That is, the plant sensor 100 according to an embodiment of the present invention is a object Internet technology for sensing environmental information of a plant P, and more specifically, it can sense roughness information, temperature information, and humidity information, And transmits the information to the server 400 through the router R or the smart phone 300. [ At this time, when the router R is used, the information can be transmitted in a periodic broadcasting manner.

The plant sensor 100 transmits the illumination intensity, the temperature information, and the humidity information as well as the degree of plant growth and the remaining battery power of the power source unit to the server 400 through the smartphone 300 or the router R .

Thus, the plant sensor 100 utilizing the Internet of the present invention and the entire system 1000 including the same can learn patterns (machine run) using automatically sensed sensing information, It is possible to inform the user by comparing the environmental condition of the plant P with the required environmental condition of the plant P.

More specifically, if the reference environmental condition stored in the server 400 and the illuminance, temperature, and humidity (soil) of the corresponding plant are different from the reference environmental conditions, alamming is enabled to the user through a smart phone application or the like.

As described above, the plant sensor according to an embodiment of the present invention can monitor optimized plant growth by sensing whether the plant environment of the user meets the conditions necessary for plant growth.

FIG. 2 is a view showing a plant sensor using the Internet in detail according to an embodiment of the present invention in FIG. 1 in greater detail. The plant sensor 100 includes a control unit 10, an illuminance sensor 20, a temperature sensor 30, a humidity sensor 40, a communication unit 50, and a power source unit 60.

The control unit 10 controls each sensor and performs a series of processing in which the communication unit 50 sends sensing information to the smartphone 200 or the router R. [ At this time, the communication unit 50 includes a pattern antenna. The arrangement relationship of the communication unit 50 in the plant sensor 100 will be described in detail later.

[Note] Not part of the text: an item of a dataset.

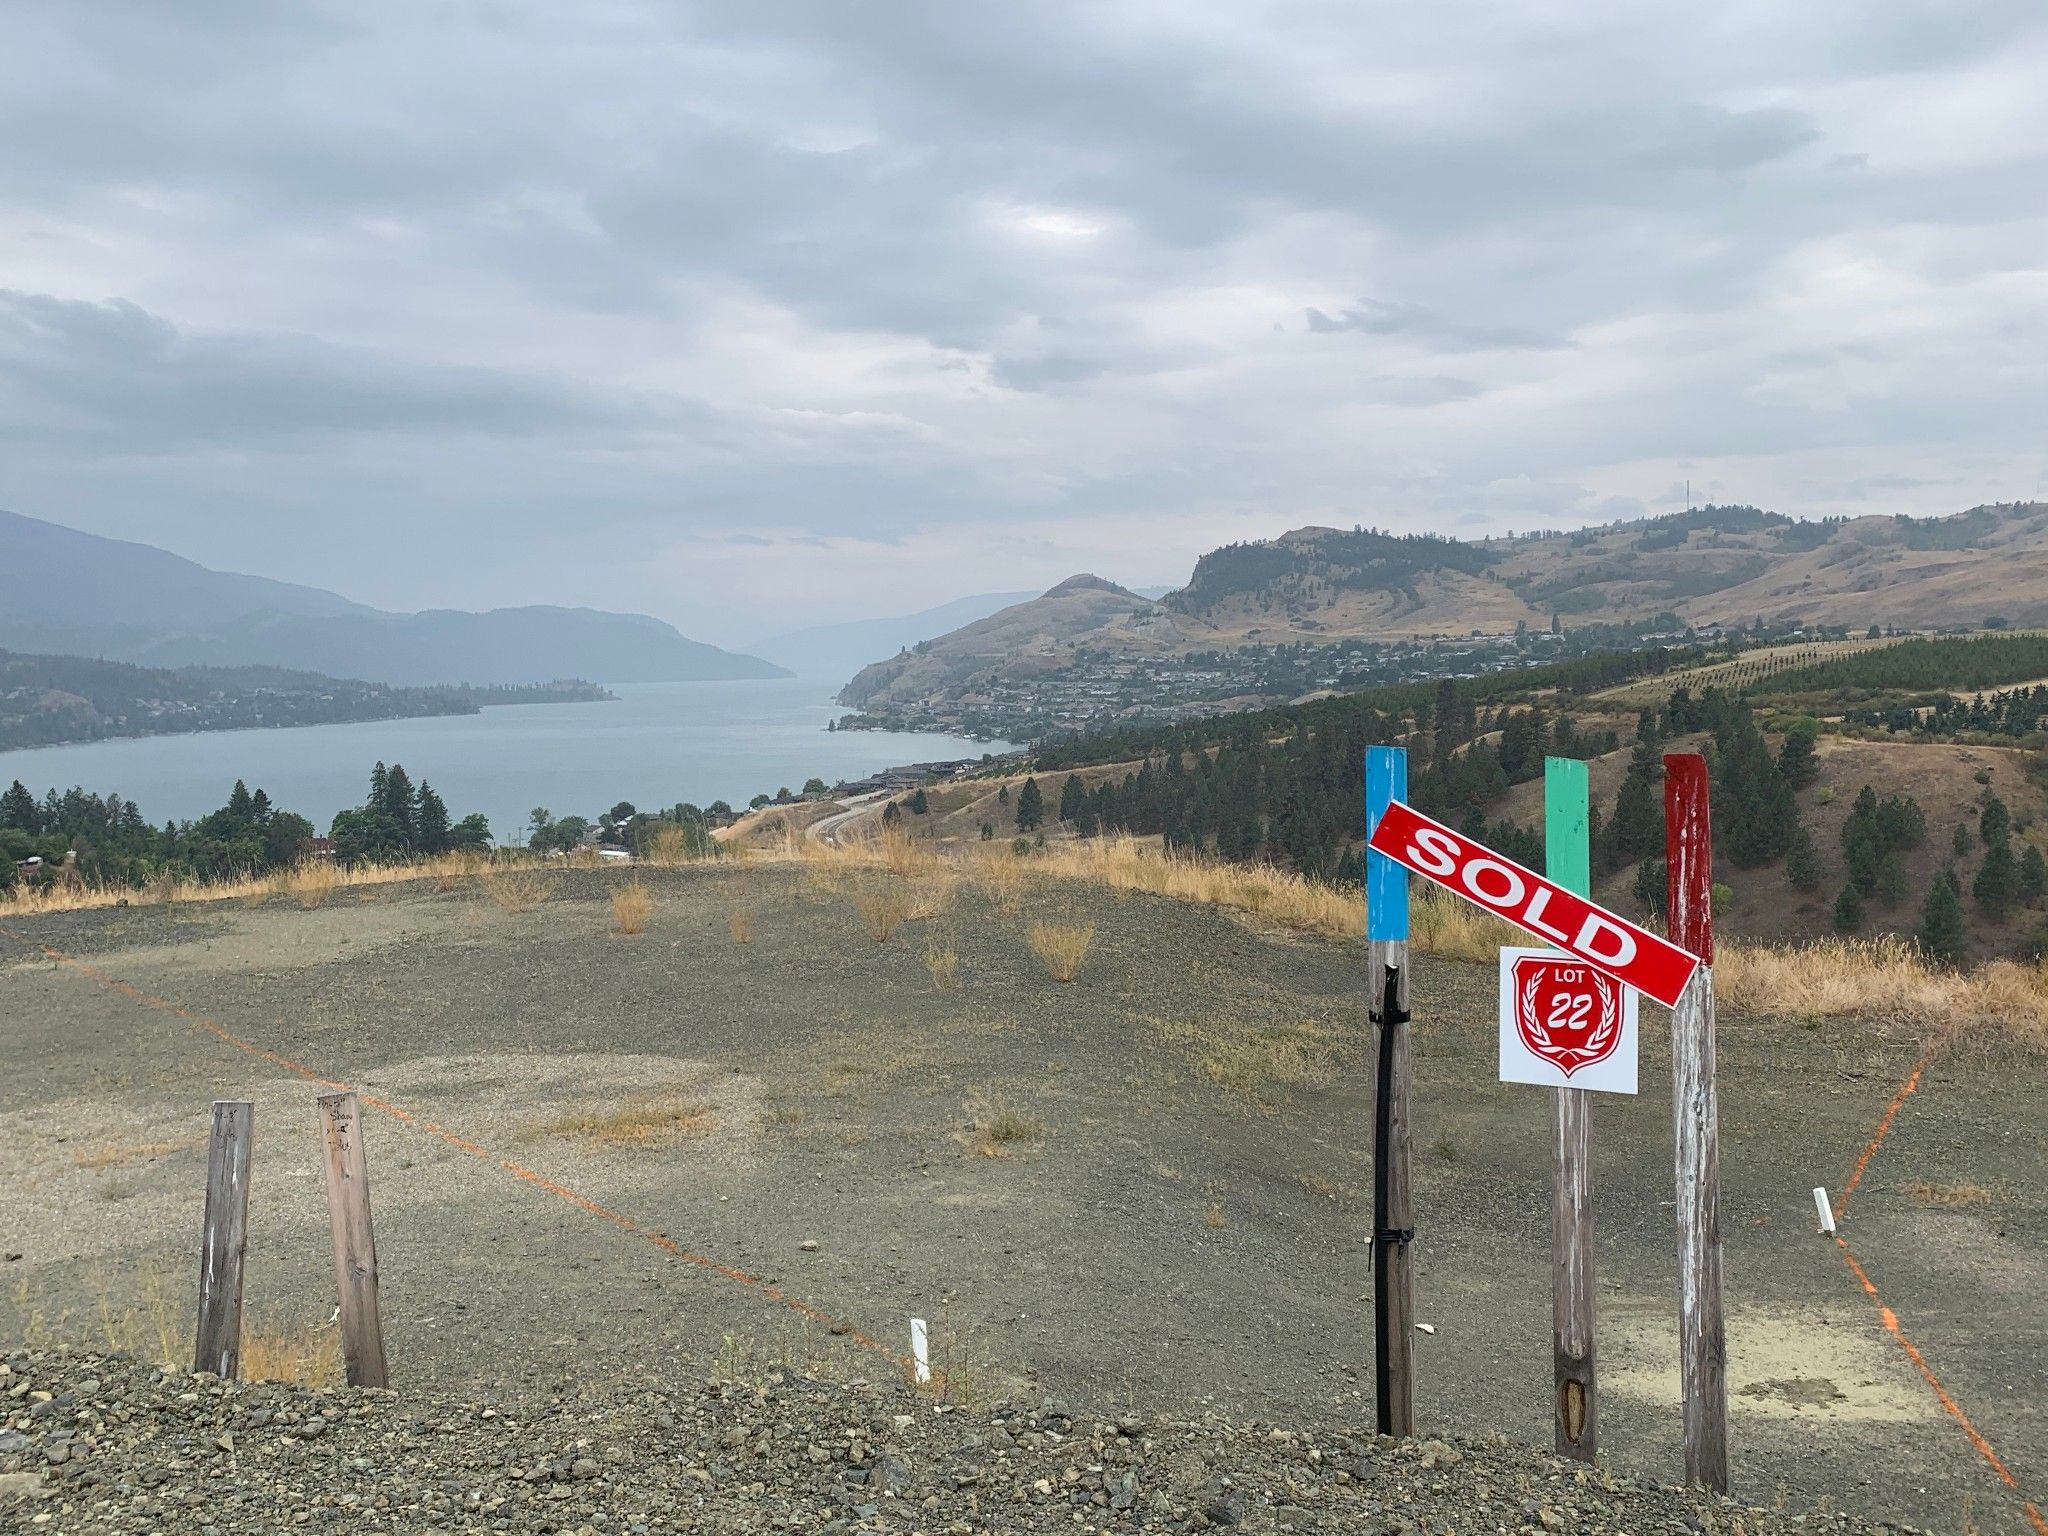 Main Photo: Lot 22 904 Mt Griffin Road in Vernon: Middlton Mtn Vacant Land for sale (North Okanagan)  : MLS®# 10215264

The illuminance sensor 20 is a sensor for measuring the illuminance, and the illuminance is defined as the density of a light flux (referred to as a light flux) measured based on the sensitivity of the eye. The light intensity sensor 20 includes a sensing layer of an aluminum arsenide thin film. The aluminum arsenide layer is formed by a molecular beam epitaxy (MBE) method. The aluminum arsenide layer is formed by a light- So that the illuminance can be measured. However, it is needless to say that the illuminance sensor 20 according to the embodiment of the present invention is not limited thereto.

The temperature sensor 30 has a metal wire which surrounds the frame a plurality of times, measures the resistance of the metal wire, and determines the ambient temperature using the measured resistance value. For this, the temperature sensor 30 may further include a resistance meter and a memory device. The controller 10 compares the resistance value of the metal wire currently measured with the resistance value of the metal wire stored in the memory device 122, The temperature is calculated.

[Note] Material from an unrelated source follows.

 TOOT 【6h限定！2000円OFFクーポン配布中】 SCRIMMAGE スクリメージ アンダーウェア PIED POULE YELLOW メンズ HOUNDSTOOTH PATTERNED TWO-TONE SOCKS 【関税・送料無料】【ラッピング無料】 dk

The humidity sensor 40 is a sensor that detects humidity by changing the electrical characteristics of the device in response to the humidity of the outside world. The humidity sensor includes an electrolyte system, a metal system, a polymer system, and a ceramics system, and various systems have been studied. However, at present, a polymer system and a ceramics system humidity sensor are mainly used. The humidity sensor is a humidity sensor that detects the humidity by changing the element resistance value in response to the humidity of the outside world. The humidity sensor is called a resistance value change type humidity sensor. The humidity sensor detects the humidity by changing the capacitance of the element in accordance with the humidity of the outside world. Is a capacitive change type humidity sensor. However, it is obvious that the present invention is not limited to the specific humidity sensor since it is based on the property that the element resistance value or the electrostatic capacity changes by absorbing / desorbing water to / from the element. Further details of the humidity sensor according to an embodiment of the present invention will be described later.

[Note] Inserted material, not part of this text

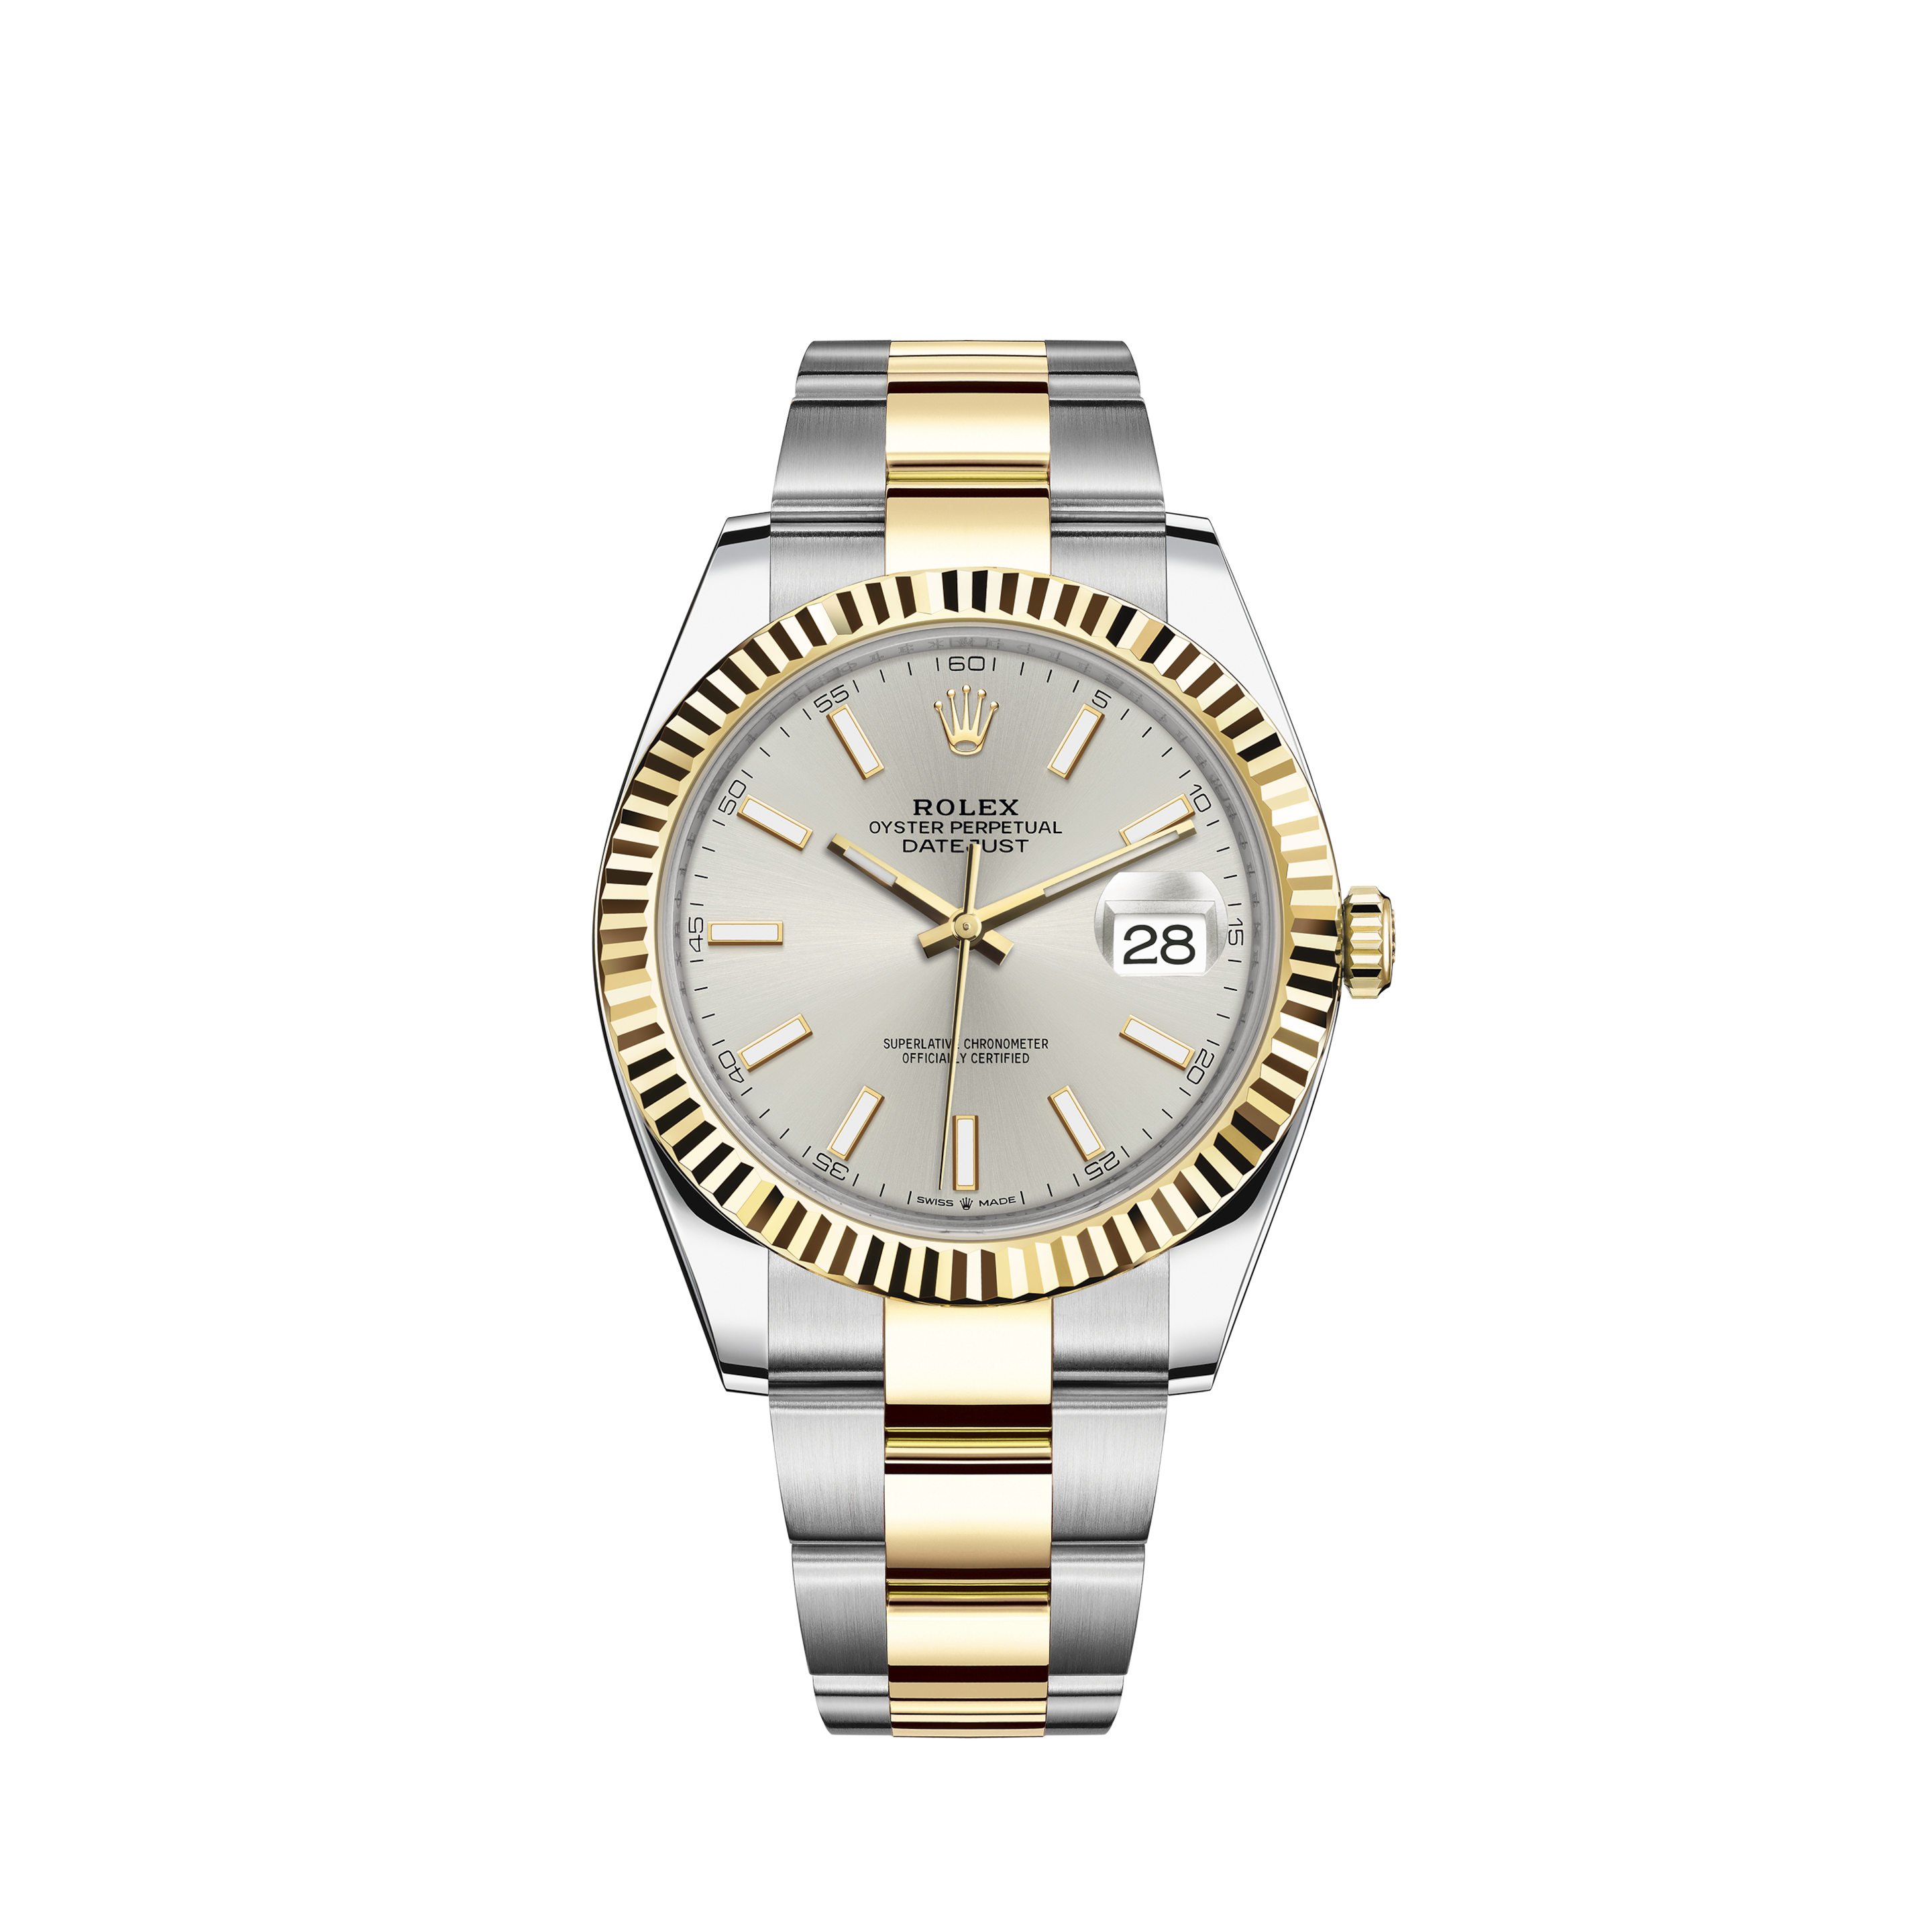 Rolex Datejust 31 31 mm Stainless Steel and Everose Gold 178241-0025 Ladies WatchRolex Datejust 31 31 mm Stainless Steel and Everose Gold 178241-0027 Ladies Watch

FIG. 3 is a diagram showing the external appearance of a plant sensor utilizing the Internet of objects according to an embodiment of the present invention. The plant sensor 100 utilizing the Internet of objects according to an embodiment of the present invention includes a first layer 1, a second layer 2, and a third layer 3.

The first layer 1 is provided with an illuminance sensor 20 and the second layer 2 is provided with a temperature sensor 30 (see Fig. 4). At this time, the scale line 23 is displayed in the area excluding the illuminance sensor 23 in the first layer. The scale line allows the user to quantitatively measure the height of the plant. Further, on the light intensity sensor 20, a masking chamber 21 is formed to be adhered and formed. When the user uses the plant sensor for the first time, the user removes the masking chamber 21, and the power of the plant sensor 100 is set to be turned on in accordance with the removal of the masking chamber 21.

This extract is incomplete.